Изменить размер шрифта - +

Не довольствуясь передачей Тюрру и другим венграм документов, впоследствии напечатанных в «Tribune», поляки дали еще одно неопровержимое доказательство своей добросовестности. Чтобы снискать расположение судей после своего осуждения на смерть и доказать им свою готовность чистосердечно сознаться во всем, что ему известно, Бандья раскрыл председателю военного суда Лапинскому всю историю приготовлений, которые делаются его соотечественниками против Австрии. Он рассказал ему, какого рода ресурсами они располагают, назвал города, в которых они устроили склады оружия, и имена лиц, попечению которых эти склады поручены. Поляки тотчас же уведомили венгров об угрожавшей им опасности, показали им все неопубликованные документы, полученные в связи с этим делом, и, чтобы уверить венгров в том, что эти документы навсегда останутся в тайне, предложили в их присутствии запечатать их своими собственными печатями. Эти документы существуют до сих пор, и печати еще целы. Среди лиц, которые запечатывали документы, были Тюрр, Туконь (Селим-ага), Тальмайер (Эмин-ага) и другие вожди возглавляемой Кальмаром эмиграции в Константинополе, которые впоследствии подписали манифест в защиту Бандьи.

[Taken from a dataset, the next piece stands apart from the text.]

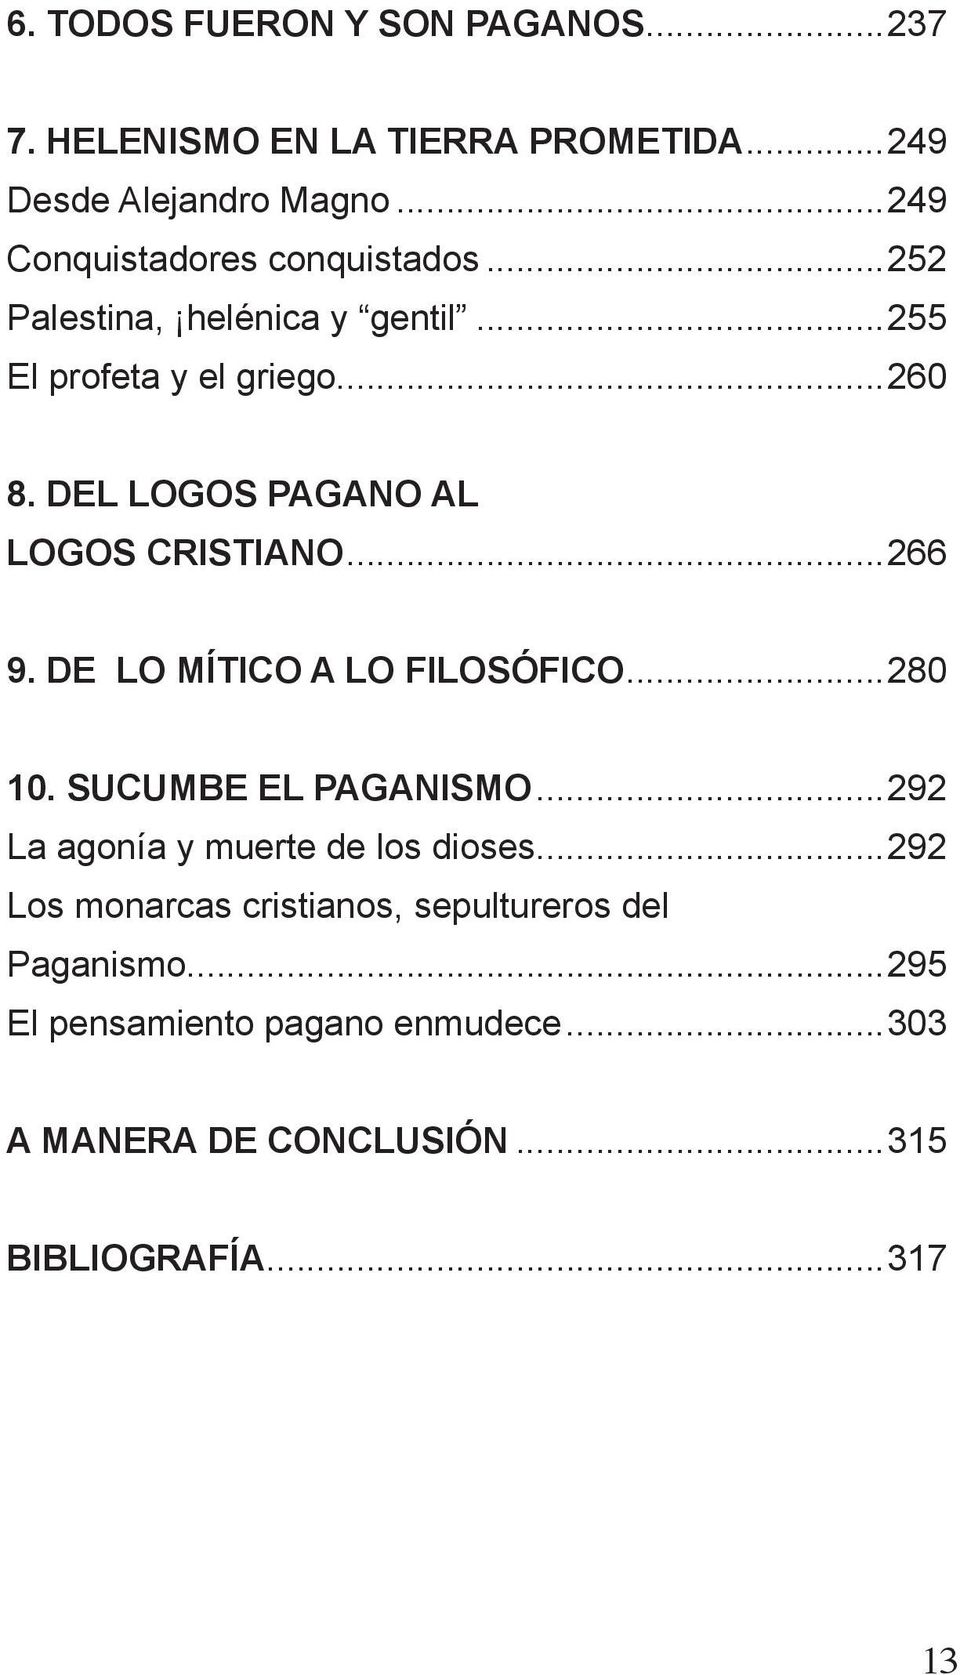 DEL LOGOS PAGANO AL LOGOS CRISTIANO...266 9. DE LO MÍTICO A LO FILOSÓFICO...280 10. SUCUMBE EL PAGANISMO.

Вскоре после свидания Тюрра с поляками в литографированной корреспонденции агентства Гавас в Париже появилась телеграмма следующего содержания:

«Полученное в Марселе письмо полковника Тюрра разоблачает ложное утверждение «Presse d'Orient» относительно предательства и осуждения полковника Мехмед-бея».

Эта заметка была перепечатана большей частью европейской прессы. В то же время несколько венгров представили в редакцию «Presse d'Orient» письма из Черкесии о том, что Мехмед-бей находится на свободе и по-прежнему поддерживает сношения с Сефер-пашой. Бандья был представлен публике как мученик, пострадавший за дело свободы; полковник Лапинский обвинялся в подлогах и других преступлениях, а поляки в Константинополе были изображены как его сообщники. Не обошлось и без смешных попыток запугать поляков. Только тогда поляки опубликовали в «Tribune» и лондонской «Free Press» признания Бандьи и ряд документов по этому делу. Тем временем Бандья прибыл в Константинополь и явился в редакцию «Presse d'Orient». Редакторы этой газеты сказали ему, что они опубликовали касающееся его сообщение, ибо у них не было ни малейшего основания сомневаться в его правильности, но что они готовы опровергнуть его, если Бандья сможет представить неопровержимые доказательства его лживости. В ответ Бандья смог только сказать, что все это ложь, что он является жертвой интриги, а затем рассказал множество деталей, касающихся событий в Черкесии, о которых его никто не спрашивал. Когда же его спросили, каким образом он, турецкий офицер и черкесский главнокомандующий, мог написать письмо, явно предназначенное для русского генерала Филипсона и представляющее собой вполне достаточное доказательство всех выдвинутых против него обвинений, Бандья ухитрился обойти этот опасный пункт, небрежно заметив, что он готовит ответ на ложно приписываемые ему признания. Он закончил разговор обещанием ответить в газете на выдвинутые против него обвинения; это предложение было принято с тем условием, что в его письме не будет никаких личных нападок. При этом разговоре присутствовали один французский офицер, один французский священник и один армянский публицист, которые выразили готовность выступить в качестве свидетелей перед любым судом. При вторичном посещении, 25 апреля, Бандья передал редакции «Presse d'Orient» свое письмо, содержащее, вопреки условию, гнусные нападки на полковника Лапинского и Ибрагим-бея; между тем имя поручика Стока, который, к несчастью для Бандьи, все еще находился в Константинополе, не было упомянуто. После того как в письме, по настоянию редакции, были сделаны некоторые изменения, оно появилось в «Presse d'Orient». Вот, в основном, содержание этого письма:

«Я оказался жертвой гнусных интриг со стороны Ибрагим-бея и г-на Лапинского.